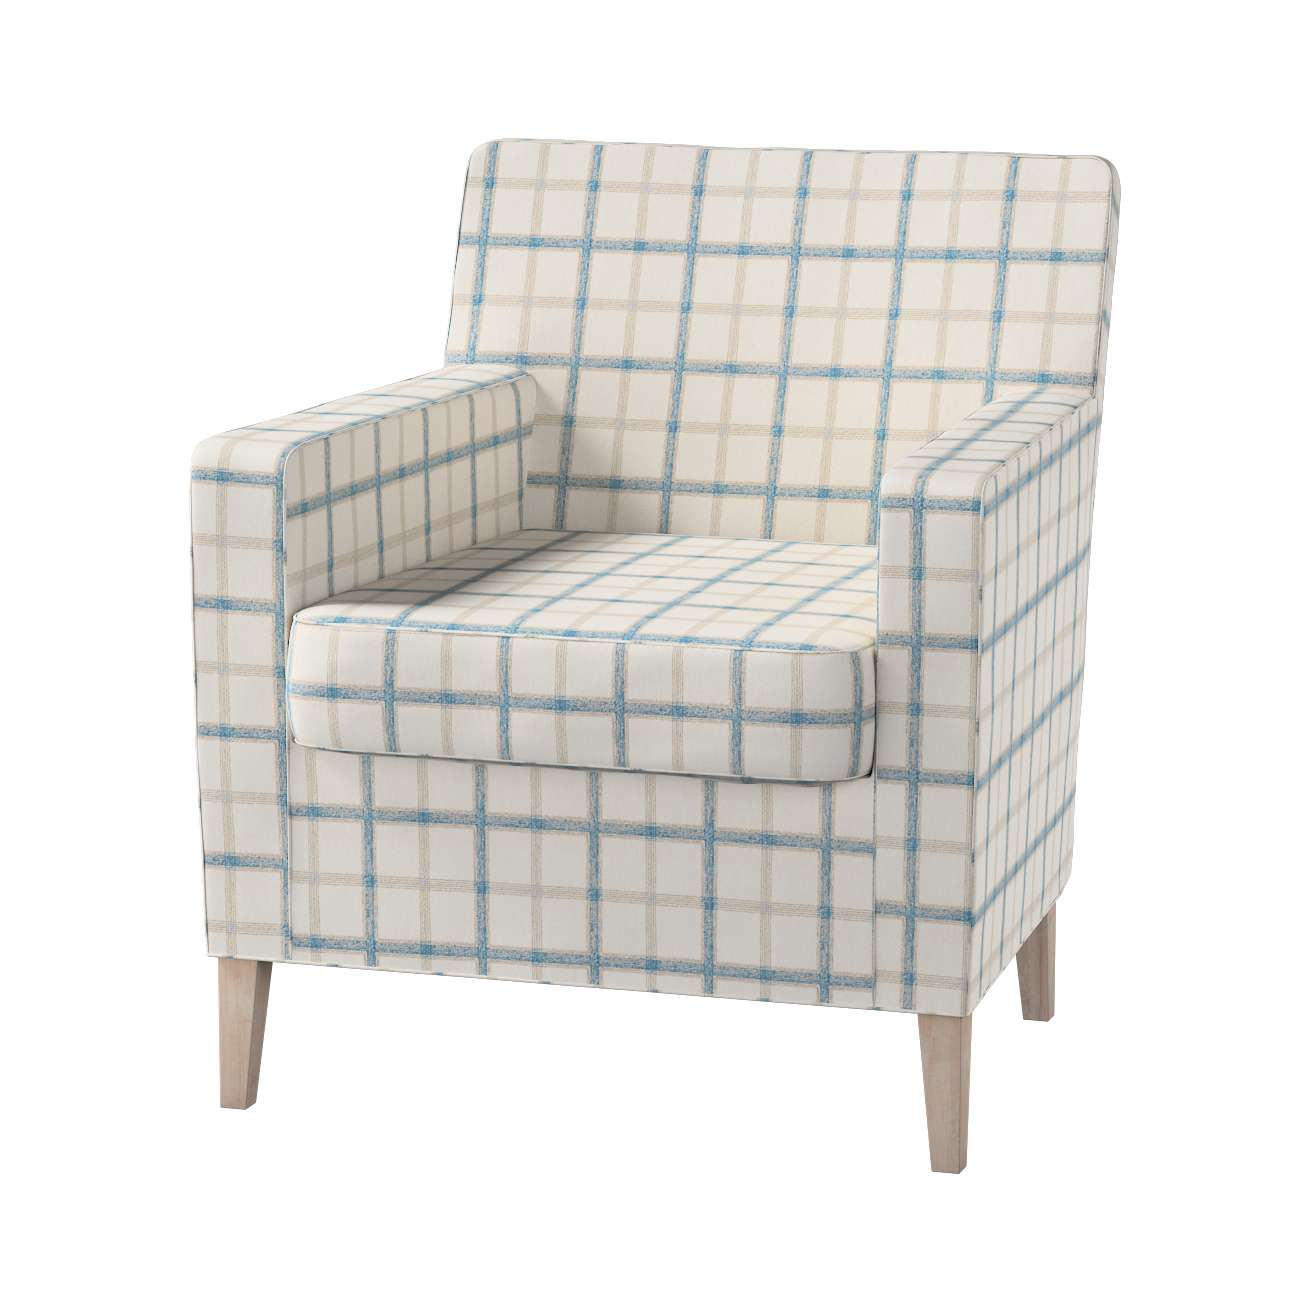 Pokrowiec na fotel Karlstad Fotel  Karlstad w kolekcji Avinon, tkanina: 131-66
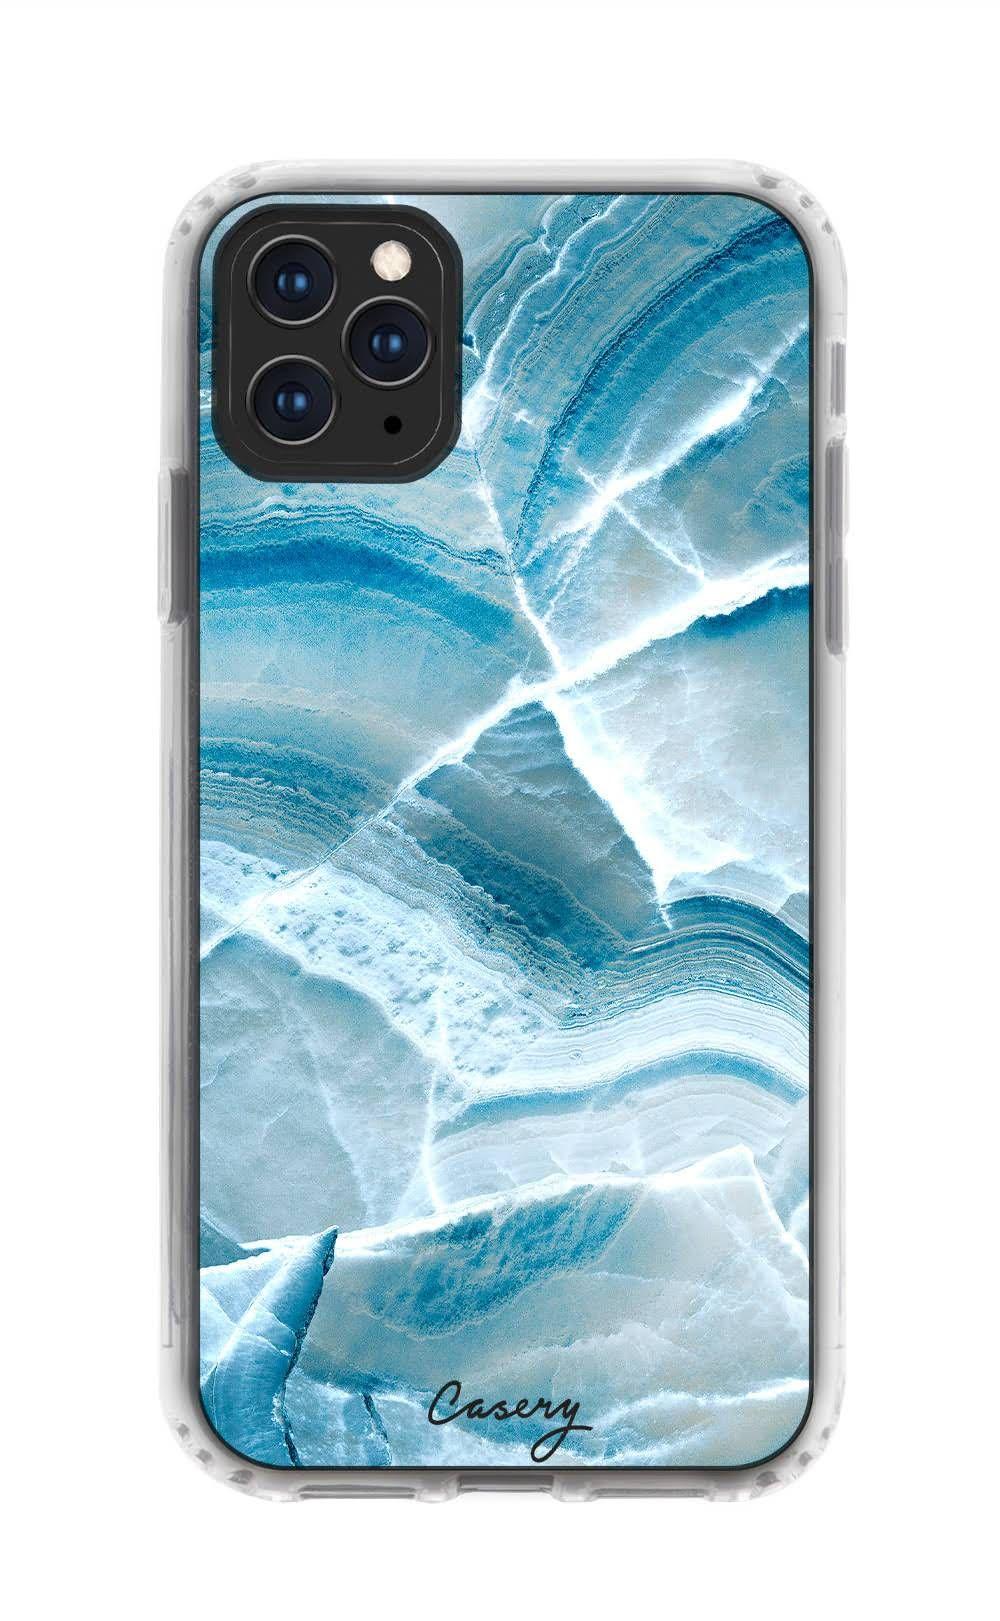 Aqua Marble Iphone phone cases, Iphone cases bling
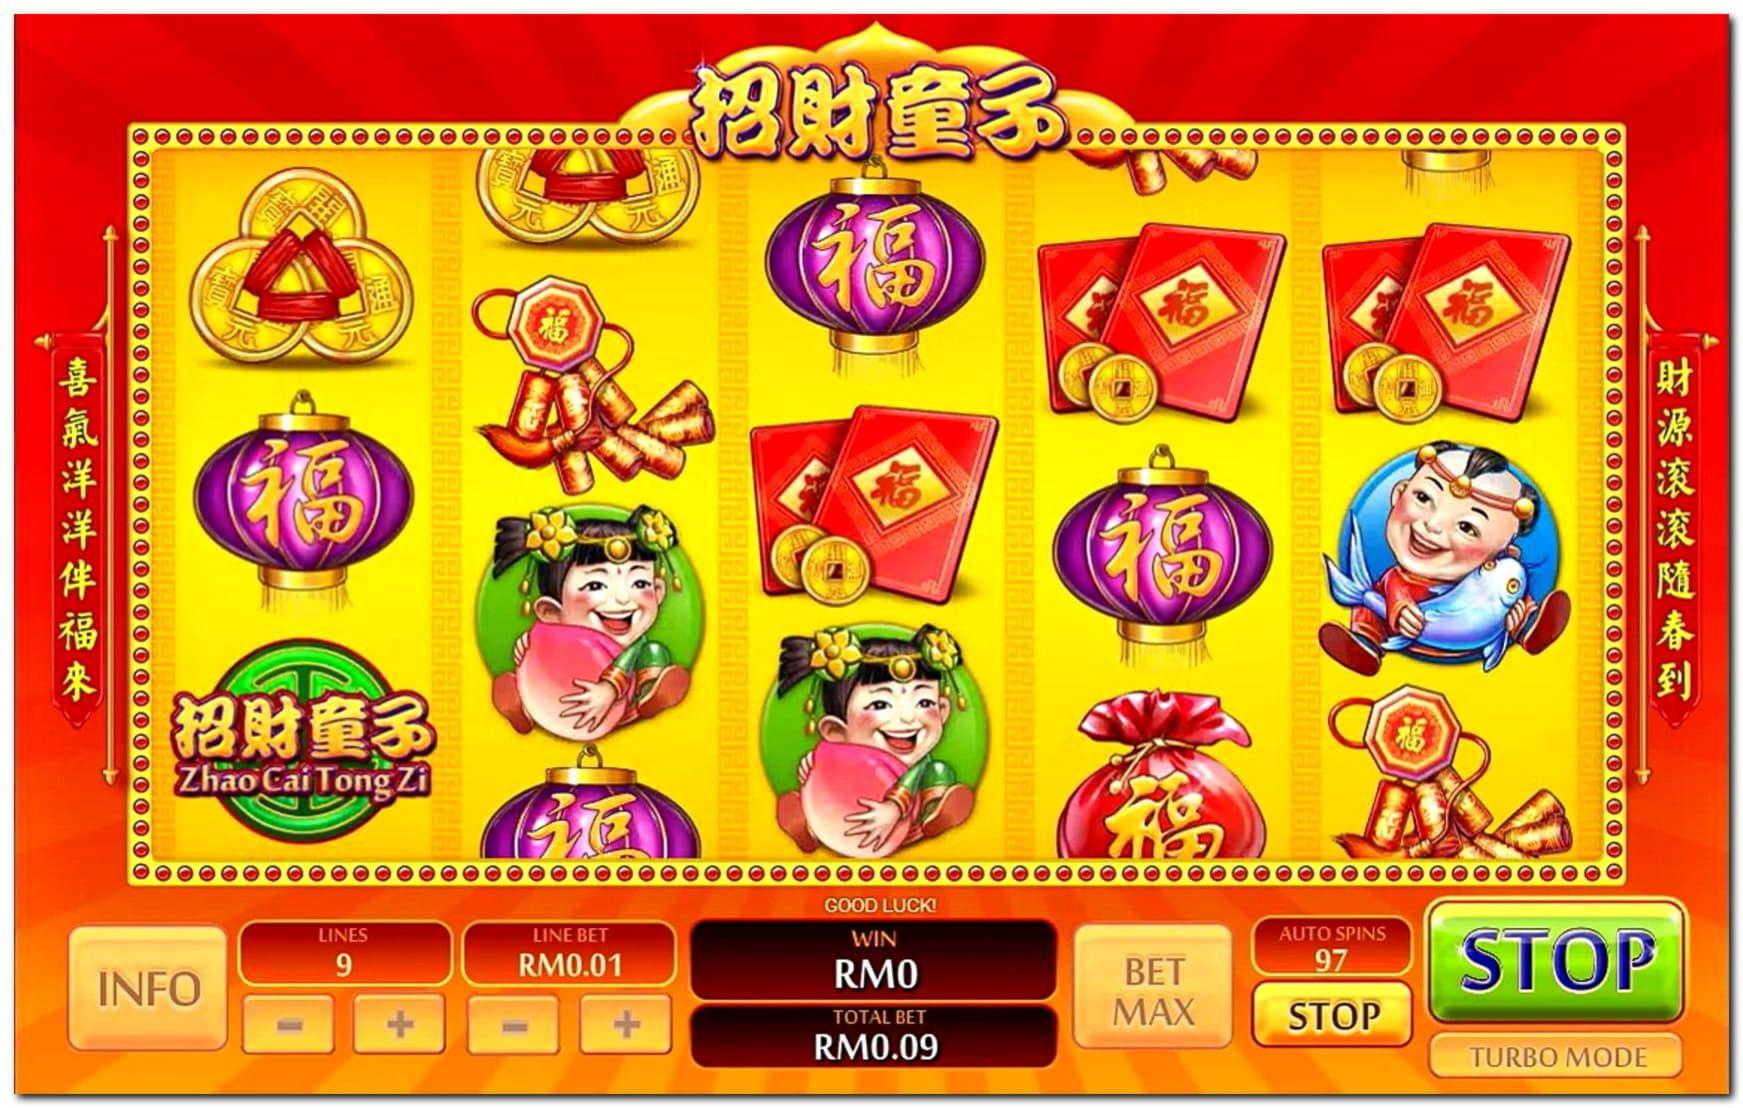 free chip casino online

INSTRUCTIONS TO FOLLOW: Write out the listing word for word, omitting the pictures it holds.

EXPECTED ANSWER:
 Pokrowiec na fotel Karlstad Fotel  Karlstad w kolekcji Avinon, tkanina: 131-66
 Aqua Marble Iphone phone cases, Iphone cases bling
 free chip casino online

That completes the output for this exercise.